Three pharmaceutical giants staked structural claims inside AI labs over the past six weeks. The question their moves raise — who gets to govern what AI built for drug discovery actually becomes — is one that proxy season, now underway, may begin to answer. What the filings will show is uncertain. That they will eventually tell us something is not.
On April 15, Novartis CEO Vas Narasimhan was appointed to the board of Anthropic, the AI safety company structured as a Public Benefit Corporation whose Long-Term Benefit Trust appoints a majority of directors (ResultSense; Pharmaphorum). Narasimhan, a physician-scientist who has overseen development of more than 35 medicines, holds no disclosed equity in Anthropic and appears to be the first sitting pharmaceutical executive on a major AI lab's governing body. Whether his appointment carries any specific fiduciary duty for how Anthropic builds and deploys AI — and what that would require him to do or block — is not in any public filing. It will be, if anywhere, in the next proxy statement Anthropic files with the SEC. That document has not yet appeared.
The day before, April 14, Novo Nordisk signed an enterprise partnership with OpenAI covering research and development, manufacturing, and commercial operations, with pilot programs beginning immediately and full integration planned by the end of 2026 (Reuters). Novo Nordisk CEO Mike Doustdar, who took over in 2025 and subsequently cut 9,000 jobs, told Reuters the goal is to "supercharge" scientists, not replace them. No financial terms were disclosed. What OpenAI receives in exchange for embedding its models across every function of one of the world's largest drugmakers, and whether the deal includes any data governance rights, is not public.
On March 16, Roche said it operates the pharmaceutical industry's largest announced hybrid-cloud AI factory: 2,176 NVIDIA Blackwell GPUs on-premises, more than 3,500 total when combined with existing infrastructure, embedded across the entire value chain from discovery through manufacturing (Roche press release; NVIDIA blog). Genentech, its US research arm, already runs nearly 90 percent of its eligible small-molecule programs with AI integration. In one oncology program, AI helped design a degrader molecule 25 percent faster than traditional methods; in another, it delivered a backup drug candidate in seven months instead of more than two years.

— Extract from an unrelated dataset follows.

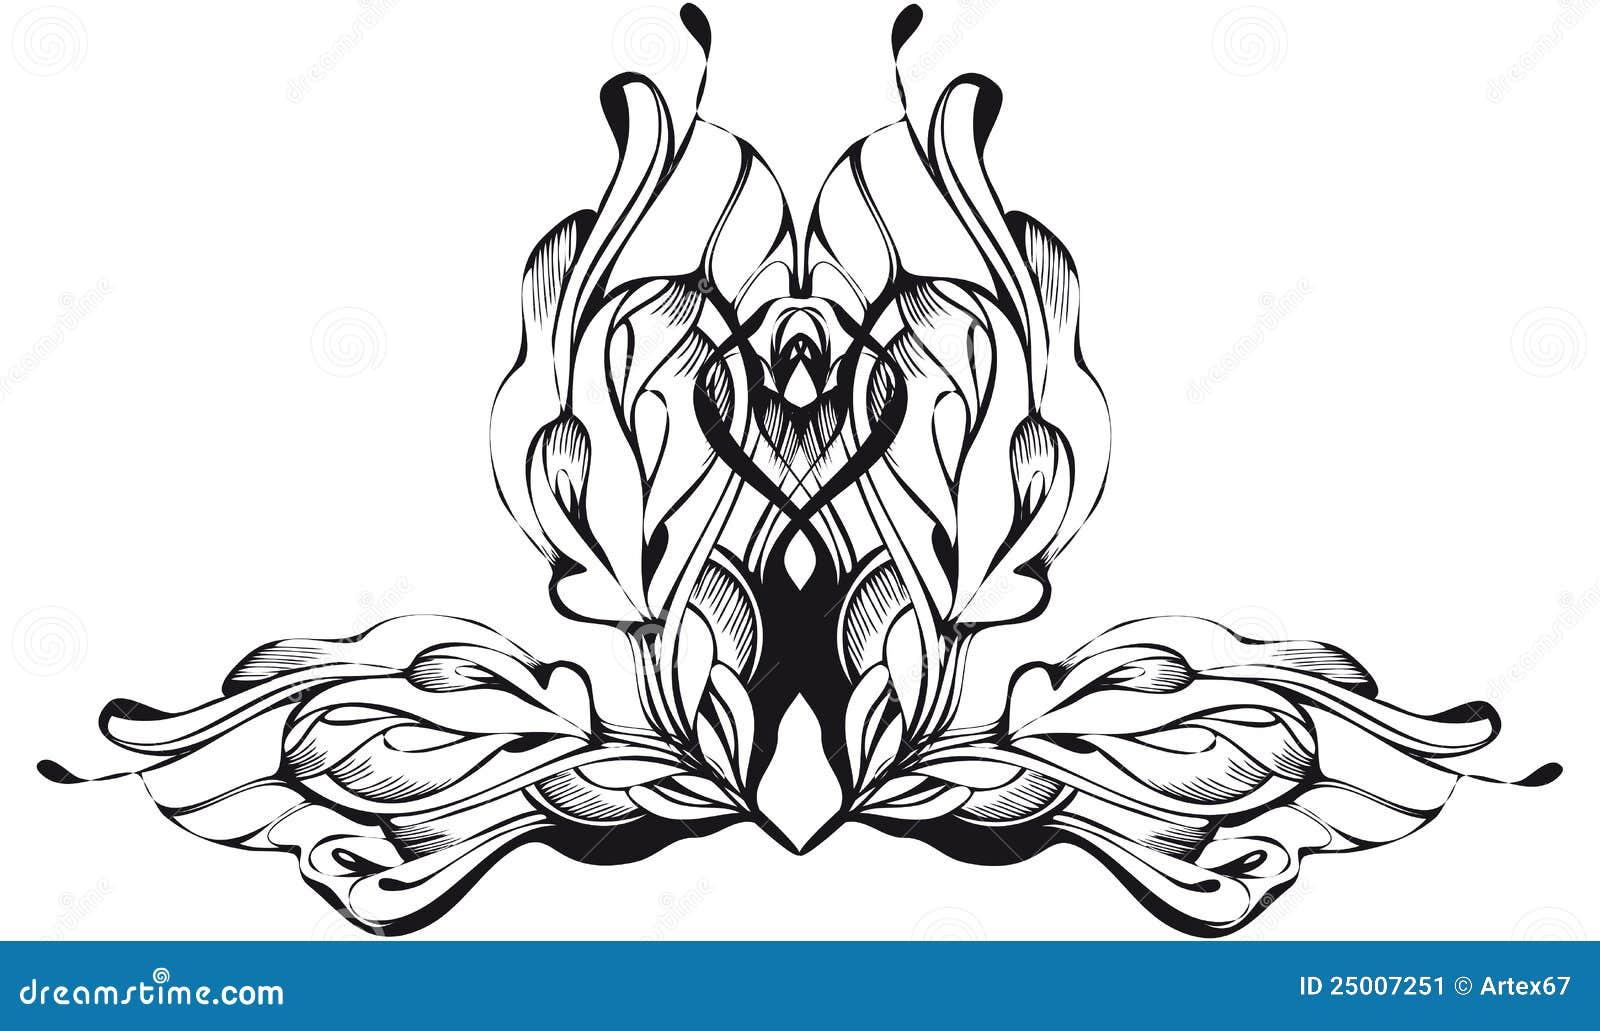 Graphic Design Art Black And White ~ Black And White Graphic Design Black And White Graphic Art View

Eli Lilly announced its own AI infrastructure play in January — a $1 billion, five-year co-innovation lab with NVIDIA at the JPMorgan Healthcare Conference — establishing the pattern before the other moves followed (DCAT Value Chain Insights).
The test case arrived April 16, when OpenAI released GPT-Rosalind, a reasoning model designed for biology and drug discovery, built alongside Amgen, Moderna, and Thermo Fisher. The model can reason across biological sequences, molecular structures, and experimental data in ways general-purpose AI cannot. Whether the pharma companies now embedded inside AI labs have any real influence over how models like Rosalind are developed — what data they train on, what safety constraints they carry — is the question proxy season will eventually answer. Right now, nobody outside those boardrooms knows.

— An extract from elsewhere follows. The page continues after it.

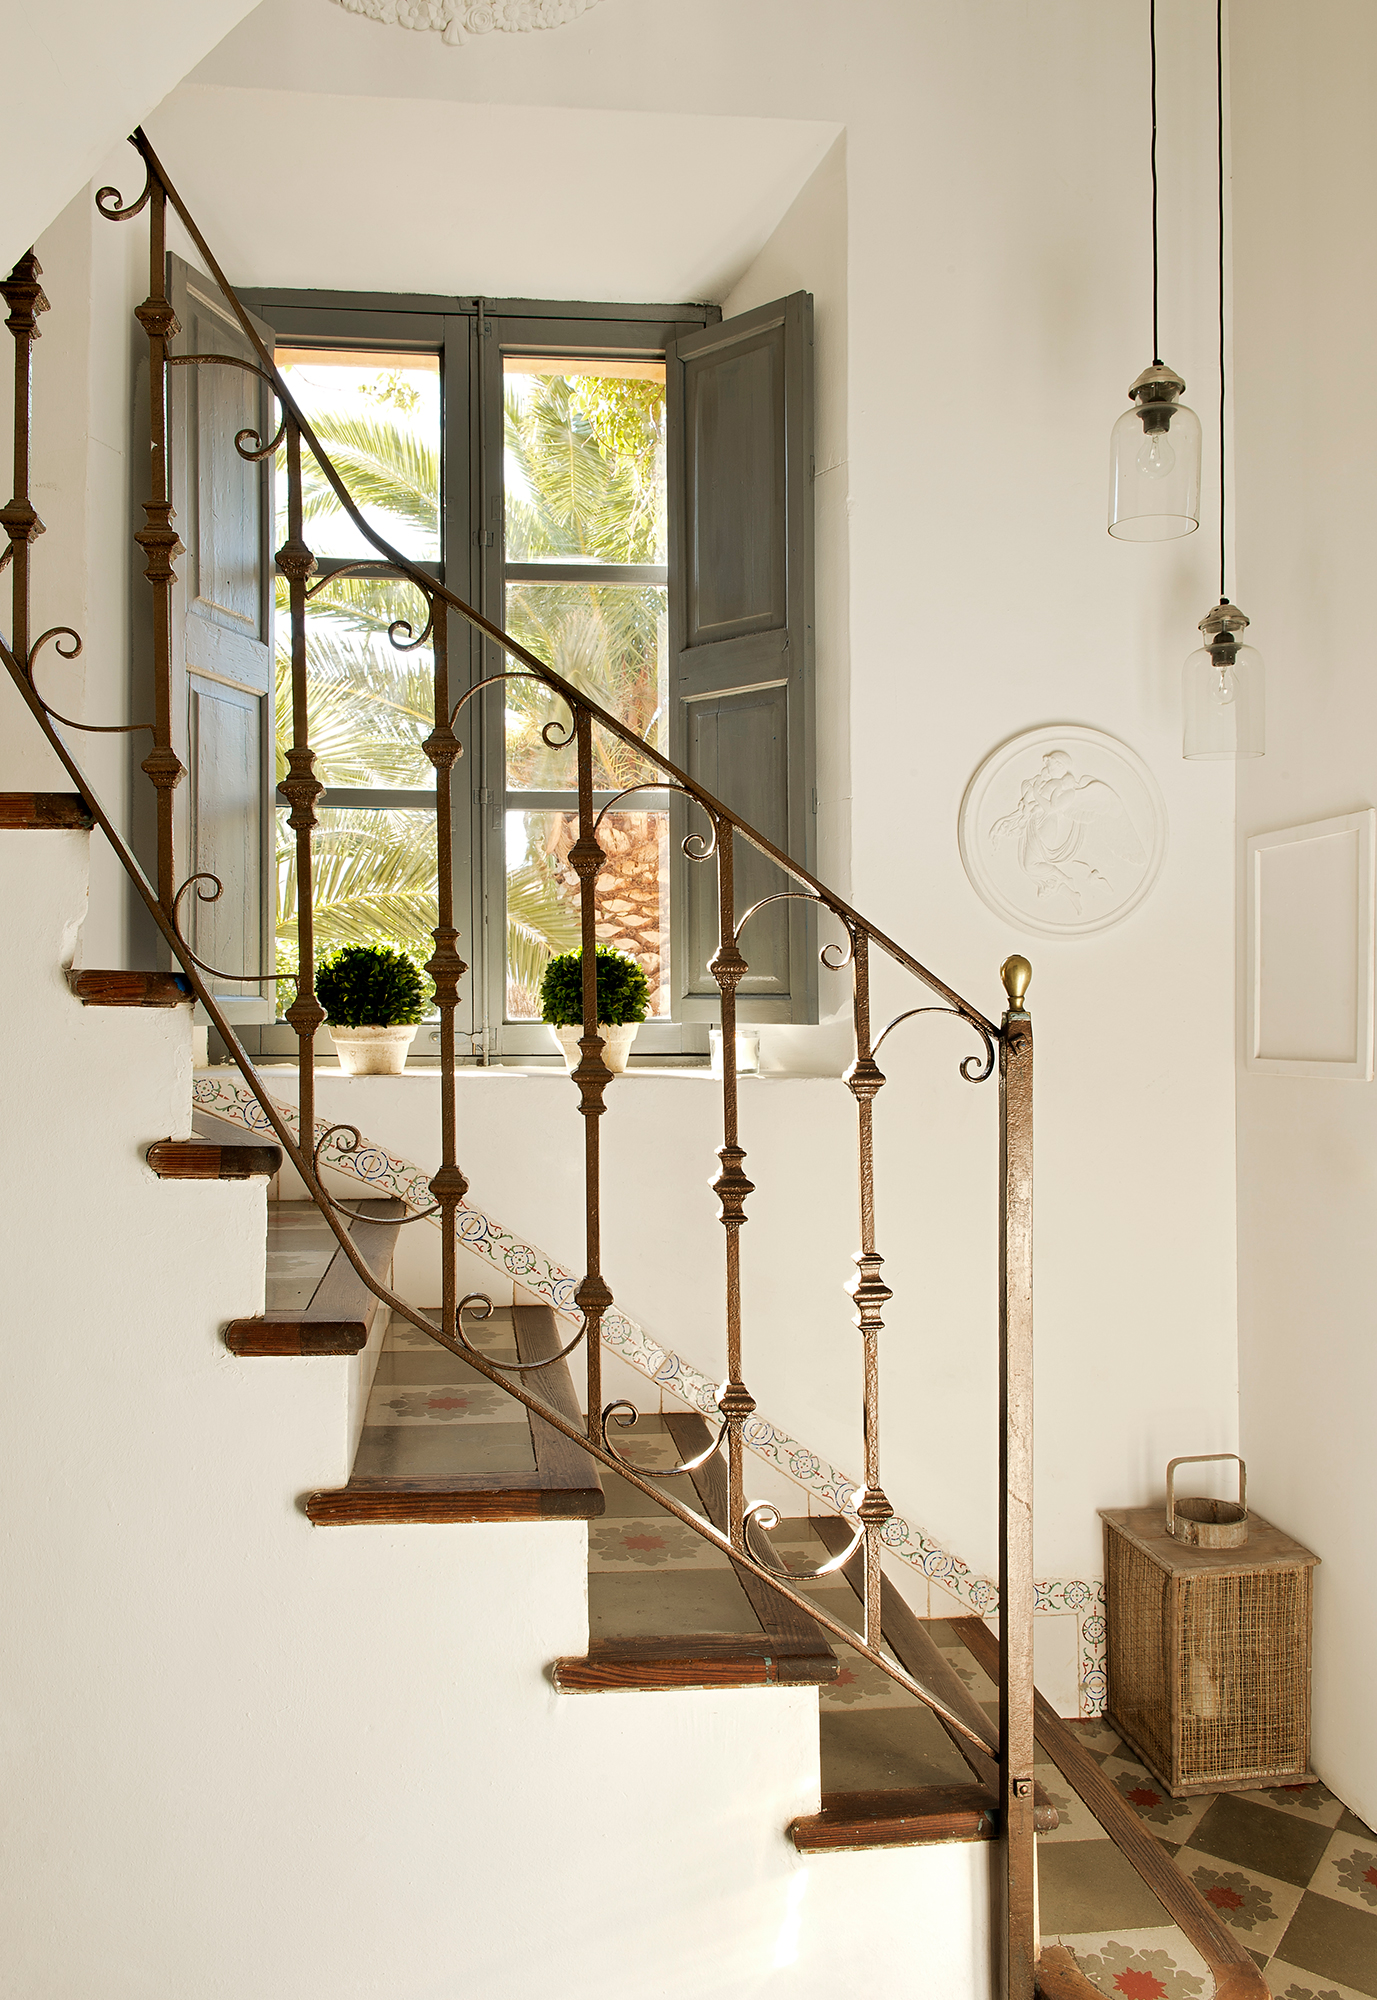 Baldosas para escaleras mrmol crema marfil escalera - Baldosas para interiores ...

What makes the governance question concrete is the fiduciary layer. Corporate directors have legal obligations to their companies and shareholders. A board seat at an AI lab doesn't automatically create AI oversight duties, but it does create a seat at the table where strategic decisions get made. Narasimhan's appointment is notable not because it signals a business deal — it doesn't, on its face — but because it puts a drug-industry insider into a governance role at the company building the kind of AI infrastructure that will shape what drug development looks like for years to come. What he does with that seat, and what he's required to do, is the part that matters. The proxy filing will be the first public document to say so explicitly. When it arrives, the story gets interesting.